1) Something I have observed, which has held true almost all of the time, is that if one is introduced to climbing outdoors on gear they automatically see top roping as reserved for only routes which they are scared to lead and a as of copping out. This just seems to get inexplicably ingrained as you struggled to get better. But this also leaves those climbers with sense of striving and appreciation of the limited resource of naturally protected climbs.

Those who find climbing through a gym seem to think there needs to be some sort of progression from top roping for a period of time, to sport leading then maybe to trad later. Which, although is arguably a good idea safety wise, I always find they never can make a smooth transition from sport to trad. Most are unwilling to scale back route difficulty in transition to get comfortable on gear and consequently don't ever really make the transition. These climbers are almost always scared to fall on gear and usually are mistrusting of the whole climbing system.

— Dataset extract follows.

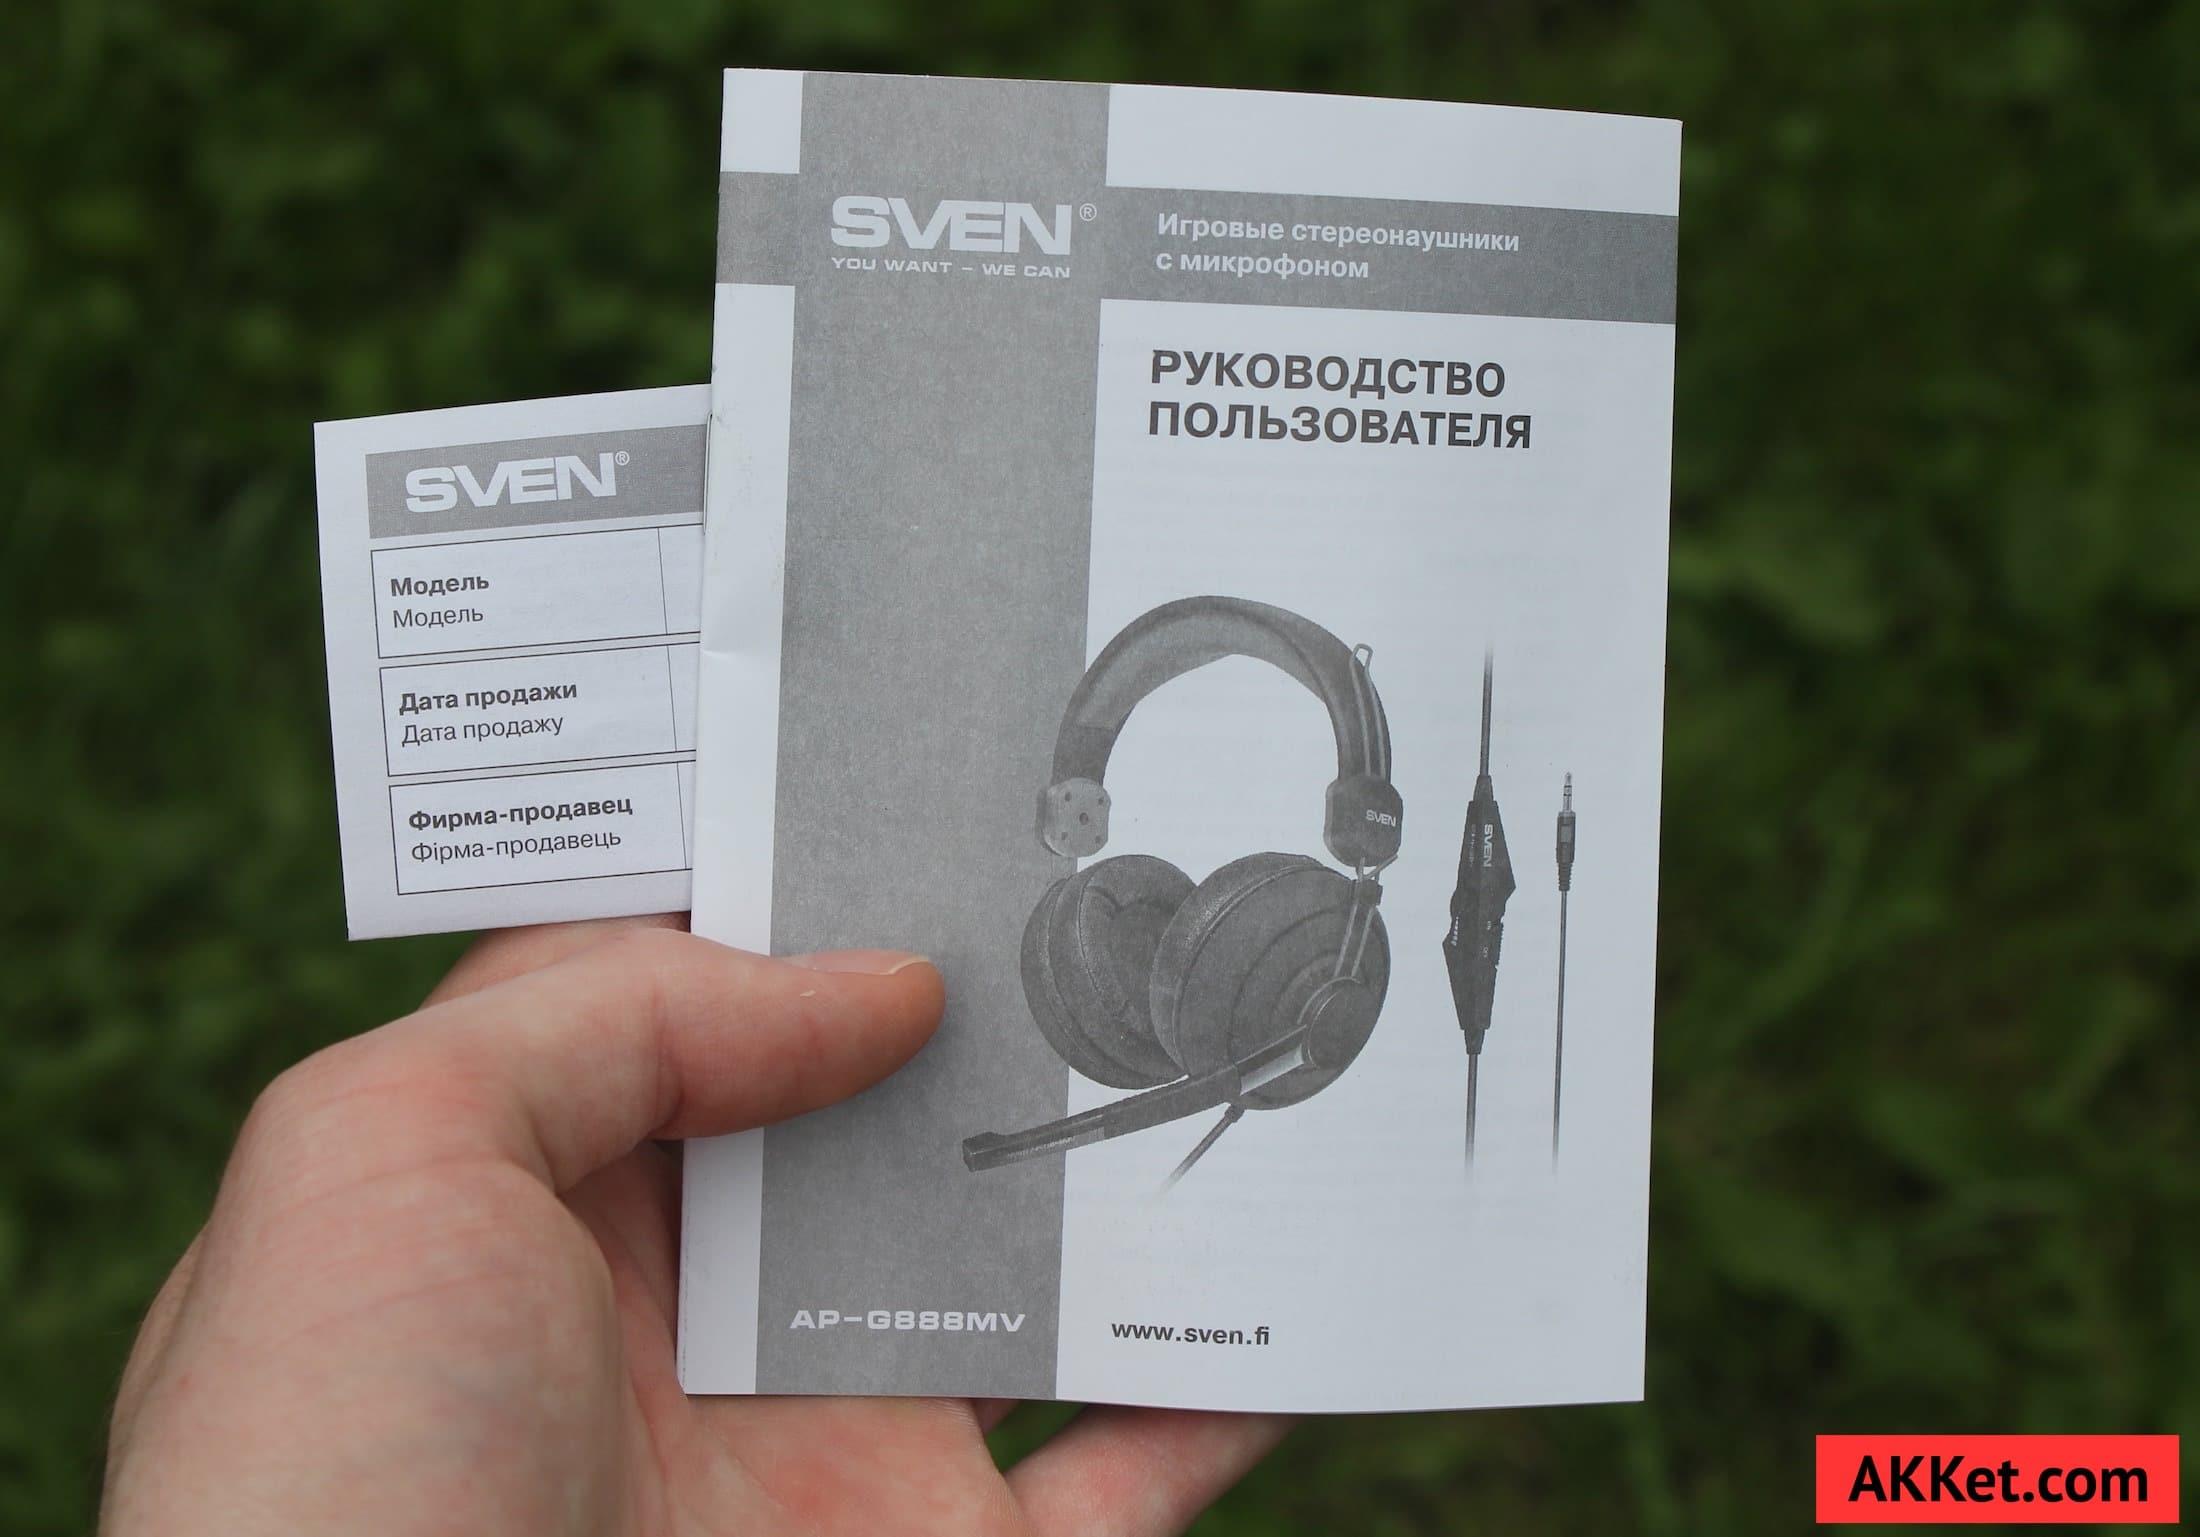 Sven AP-G888MV 3

2) All trad climbers should spend some more time clean aiding to learn how well gear really works and in which situations.

3) Most trad climbers plateau at 10+. This is because thats the grade where you typically can't just stand on your feet to place gear, you actually need to be able to hang on place quickly and keep moving. Most trad climbers are not confident enough to place a piece quickly and trust it and move above it or are not strong enough to hang on steeper routes to place the gear at all because...

4) Most trad climbers should boulder more often to get some more max power. This allows them to be father from there max threshold placing gear and hence pump out less quickly.

5) When training routes in gym trad climbers can benefit from exaggerating the duration they hold onto each hold especially while clipping. Any monkey can quickly clip a pre-hung quickdraw, most can't (on a steep route) access a placement find the correct size cam, place it, check it, reach back down for a runner or quickdraw, clip the draw to the pro then clip the rope to the draw without pumping out. This is because on a steep route they are forced to hang onto one hold for a longer duration therefore cut the flow of blood and oxygen to their muscles for a longer period then they are used to. The pump causes panic, apprehension and "fallure", fear of falling and therefore premature failure to send.

6) All climbers can benefit from specific training.

7) The best climbers enjoy the process of climbing, getting to the top is secondary, the process of movement when executed properly just happens to lead you there.

8) Most climbers fail in the head far before in their body.

9) Goats know what they want and take it.